** Available data follows **
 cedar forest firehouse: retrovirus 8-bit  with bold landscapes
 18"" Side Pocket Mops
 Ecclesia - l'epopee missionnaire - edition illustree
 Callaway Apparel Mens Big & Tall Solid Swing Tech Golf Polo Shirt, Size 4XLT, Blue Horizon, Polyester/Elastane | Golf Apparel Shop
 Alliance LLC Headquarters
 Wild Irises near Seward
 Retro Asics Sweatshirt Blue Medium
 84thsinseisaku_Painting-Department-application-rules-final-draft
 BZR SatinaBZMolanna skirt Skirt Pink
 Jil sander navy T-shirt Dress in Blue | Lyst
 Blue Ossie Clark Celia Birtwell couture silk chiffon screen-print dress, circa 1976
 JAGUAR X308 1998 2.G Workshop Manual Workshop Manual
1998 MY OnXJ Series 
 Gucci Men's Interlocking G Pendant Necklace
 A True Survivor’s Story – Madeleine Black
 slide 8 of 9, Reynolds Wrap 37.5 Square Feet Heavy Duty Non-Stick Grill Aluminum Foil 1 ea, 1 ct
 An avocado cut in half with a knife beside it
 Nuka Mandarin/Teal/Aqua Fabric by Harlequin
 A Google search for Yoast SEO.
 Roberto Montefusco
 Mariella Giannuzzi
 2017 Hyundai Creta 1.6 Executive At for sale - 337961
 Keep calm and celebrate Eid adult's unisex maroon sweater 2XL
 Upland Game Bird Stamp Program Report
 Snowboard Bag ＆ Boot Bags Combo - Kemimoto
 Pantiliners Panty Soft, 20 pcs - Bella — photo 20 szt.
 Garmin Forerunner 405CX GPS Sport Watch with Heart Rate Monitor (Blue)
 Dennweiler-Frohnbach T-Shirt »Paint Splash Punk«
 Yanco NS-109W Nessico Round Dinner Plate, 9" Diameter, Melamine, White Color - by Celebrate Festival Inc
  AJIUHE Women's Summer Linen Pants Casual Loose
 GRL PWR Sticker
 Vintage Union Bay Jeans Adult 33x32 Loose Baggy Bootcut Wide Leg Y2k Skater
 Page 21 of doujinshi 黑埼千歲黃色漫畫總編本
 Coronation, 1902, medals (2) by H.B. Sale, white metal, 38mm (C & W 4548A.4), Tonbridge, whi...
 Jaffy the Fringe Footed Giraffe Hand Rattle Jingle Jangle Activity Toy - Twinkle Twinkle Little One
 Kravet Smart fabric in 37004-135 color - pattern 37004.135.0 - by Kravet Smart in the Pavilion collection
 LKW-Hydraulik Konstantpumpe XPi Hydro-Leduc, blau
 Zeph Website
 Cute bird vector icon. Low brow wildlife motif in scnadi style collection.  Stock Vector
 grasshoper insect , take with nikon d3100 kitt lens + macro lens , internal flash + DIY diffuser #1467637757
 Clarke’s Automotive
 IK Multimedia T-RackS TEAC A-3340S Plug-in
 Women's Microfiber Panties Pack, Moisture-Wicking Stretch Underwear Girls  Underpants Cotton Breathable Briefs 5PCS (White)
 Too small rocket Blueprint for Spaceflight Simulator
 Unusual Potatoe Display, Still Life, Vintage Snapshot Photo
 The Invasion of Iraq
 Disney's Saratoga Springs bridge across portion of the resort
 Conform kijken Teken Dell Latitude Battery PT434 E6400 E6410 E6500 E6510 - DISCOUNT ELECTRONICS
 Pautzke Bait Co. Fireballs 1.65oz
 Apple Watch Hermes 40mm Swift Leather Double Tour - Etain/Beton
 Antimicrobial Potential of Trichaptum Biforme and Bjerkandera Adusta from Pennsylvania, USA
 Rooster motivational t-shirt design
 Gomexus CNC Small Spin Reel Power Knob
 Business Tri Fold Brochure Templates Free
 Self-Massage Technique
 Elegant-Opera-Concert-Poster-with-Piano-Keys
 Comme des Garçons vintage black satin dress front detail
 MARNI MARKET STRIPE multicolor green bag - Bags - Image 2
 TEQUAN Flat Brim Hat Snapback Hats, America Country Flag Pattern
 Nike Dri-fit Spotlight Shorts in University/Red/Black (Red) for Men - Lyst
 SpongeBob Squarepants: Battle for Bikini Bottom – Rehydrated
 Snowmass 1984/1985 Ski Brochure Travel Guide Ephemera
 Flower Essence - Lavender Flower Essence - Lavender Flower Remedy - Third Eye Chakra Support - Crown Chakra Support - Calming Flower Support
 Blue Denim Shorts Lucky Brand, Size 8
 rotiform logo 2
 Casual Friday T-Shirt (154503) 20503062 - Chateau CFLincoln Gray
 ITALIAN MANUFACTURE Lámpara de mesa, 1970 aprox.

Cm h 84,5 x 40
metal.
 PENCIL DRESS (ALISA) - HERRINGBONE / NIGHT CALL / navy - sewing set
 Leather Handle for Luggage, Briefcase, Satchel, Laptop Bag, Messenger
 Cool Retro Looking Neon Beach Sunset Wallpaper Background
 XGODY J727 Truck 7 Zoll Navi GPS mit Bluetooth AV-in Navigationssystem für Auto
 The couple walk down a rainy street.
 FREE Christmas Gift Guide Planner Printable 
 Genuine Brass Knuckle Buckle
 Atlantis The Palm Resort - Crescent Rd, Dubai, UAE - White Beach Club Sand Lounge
** End of Available data **
__Your goal__. Please report all lines in the entries where "Loose" appears.

__Solution for this task__.
  AJIUHE Women's Summer Linen Pants Casual Loose
 Vintage Union Bay Jeans Adult 33x32 Loose Baggy Bootcut Wide Leg Y2k Skater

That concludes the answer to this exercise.